這道旨意如同晴天霹靂,讓陸抗陷入了兩難境地。若回師建業,永安必將落入敵手;若不回,便是抗旨不尊,背上謀反的罪名。
“都督,此乃奸計!”丁奉憤怒地說道,“定是步闡那賊子妄圖奪取永安,我們絕不能上當!”
陸抗握緊拳頭,眼中閃過一絲決絕:“我意已決,永安乃東吳西大門,絕不能有失。丁將軍,你立刻率領三千精兵,日夜兼程趕往建業。見到陛下后,務必將這里的情況如實稟報。”
“那都督您?”
“我留守永安,與城池共存亡!”陸抗的聲音斬釘截鐵。
丁奉走后,陸抗望著城外的原野,心中暗暗發誓:無論前方有多少艱難險阻,他都要守護住永安,守護住東吳的尊嚴。
此時,曹魏大軍已兵臨城下。鄧艾站在陣前,望著城頭的陸抗,冷笑道:“陸抗,今日便是你的死期!”

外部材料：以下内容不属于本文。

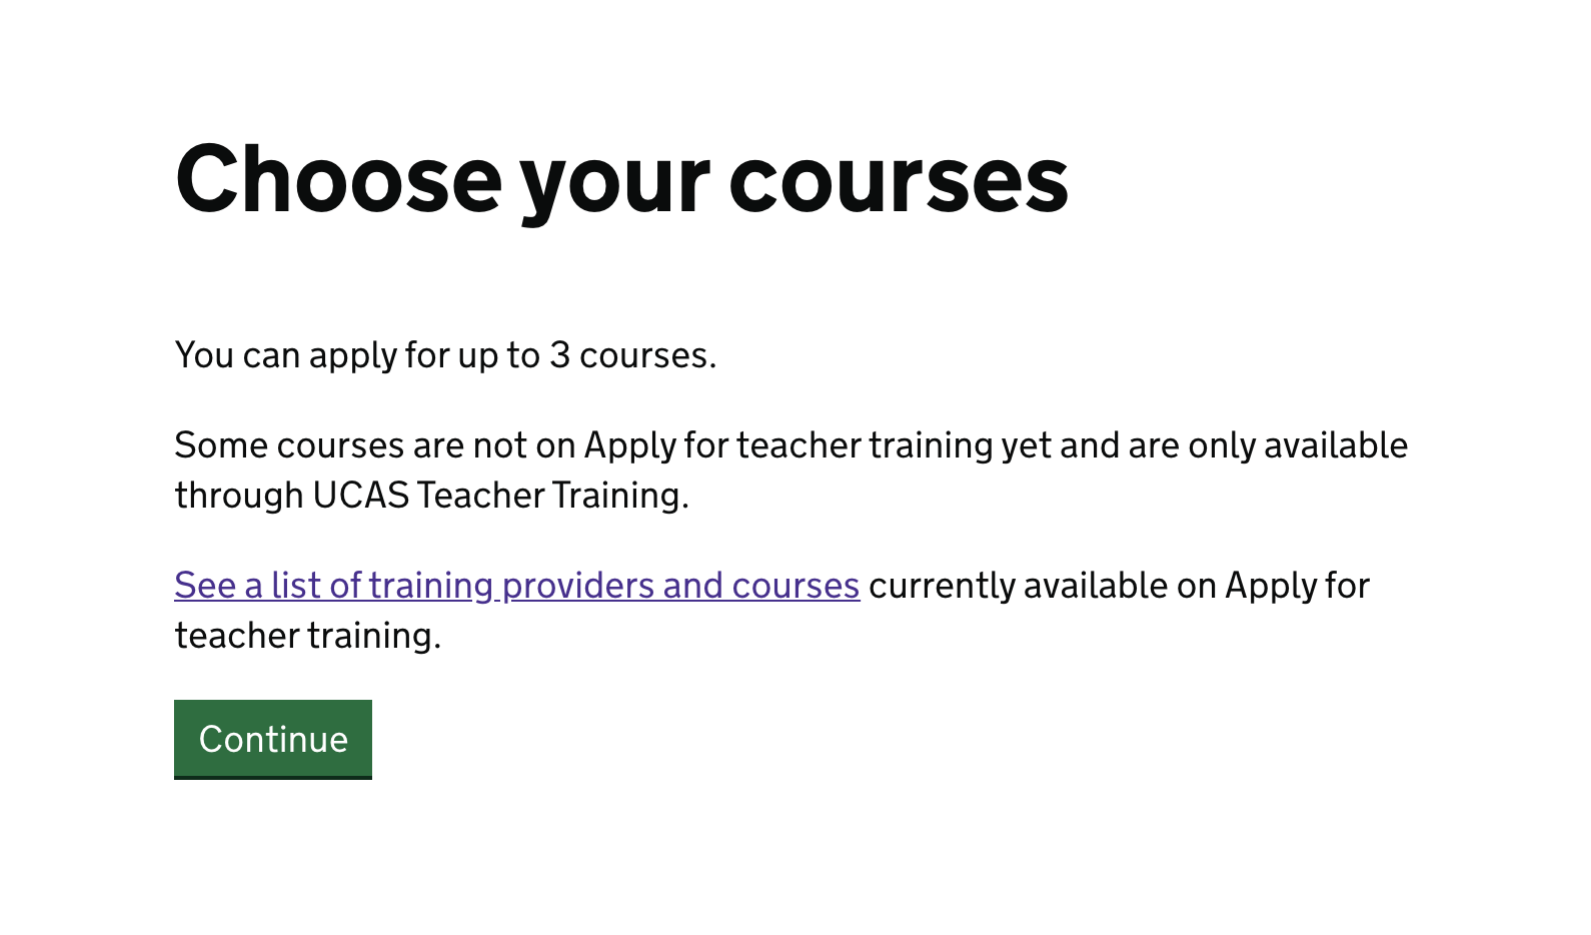 Screenshot of 'Choose your courses' page.

陸抗神色自若,大聲回應道:“鄧艾,上次讓你僥幸逃脫,今日定叫你有來無回!”
隨著鄧艾一聲令下,魏軍如潮水般涌向永安城。箭矢如雨,投石機不斷將巨大的石塊砸向城頭。永安城頓時陷入一片火海,喊殺聲震天動地。
陸抗身先士卒,親自指揮作戰。他率領將士們一次次打退魏軍的進攻,但魏軍人數眾多,永安城的防線逐漸出現了漏洞。
就在這危急時刻,一名士兵匆匆跑來:“都督,西南方向發現一支神秘軍隊,正向我軍殺來!”
陸抗心中一驚,難道是曹魏的援軍?他登上城頭望去,只見軍旗上赫然繡著“漢”字。原來是蜀漢的舊部,他們得知永安危急,特來相助。
這支蜀漢舊部的加入,瞬間扭轉了戰局。陸抗抓住時機,下令全軍出擊。永安軍與蜀漢舊部內外夾擊,魏軍再次陷入混亂。鄧艾見勢不妙,只好再次下令撤軍。
此役過后,陸抗與蜀漢舊部的將領們相見。為首的是姜維的舊部張翼,他對陸抗說道:“陸都督,如今曹魏勢大,東吳與蜀漢唇亡齒寒。若我們聯手,或許還有一線生機。”
陸抗深有同感,點頭道:“張將軍所言極是。待我稟明陛下,定當與貴軍共抗曹魏。”
然而,還沒等陸抗將這個想法付諸實踐,建業便傳來噩耗:孫休駕崩,幼主孫皓繼位。步闡在朝中的勢力愈發壯大,他以新帝的名義,再次下旨斥責陸抗,稱其擁兵自重,意圖謀反,并下令解除陸抗的兵權。
建業皇宮的燭火在風中搖曳不定,仿佛隨時都會熄滅。陸抗跪在冰冷的青磚上,指尖深深掐進掌心,試圖用刺痛來驅散眼前的眩暈。詔書末尾“擁兵自重,圖謀不軌”八個朱砂大字,在燭光下猩紅如血,與孫休駕崩時的素白靈幡交替在腦海中閃現。
“將軍,步闡那老賊的人已封鎖了城門。”副將沈瑩的聲音從帳外傳來,帶著壓抑的急切,“現在往武昌調兵還來得及,末將愿率三千精銳……”
“住口!”陸抗猛地起身,青銅劍鞘撞在案幾上發出清越鳴響。他望著案頭未寫完的奏章,墨跡早已干涸,那是昨夜擬就的聯合蜀漢之策,如今卻成了催命符。窗外傳來更夫梆子聲,三更天,正是最黑暗的時刻。
步闡的勢力滲透遠比想象中迅速。就在孫休駕崩當夜,宮中便傳出幼主孫皓受驚過度的消息,緊接著步闡以“穩定朝局”為由,掌控了禁軍與玉璽。陸抗握緊拳頭,想起三日前接到的密報——步闡暗中與曹魏使者頻繁往來。難道這一切,都是為了給曹魏南下鋪路?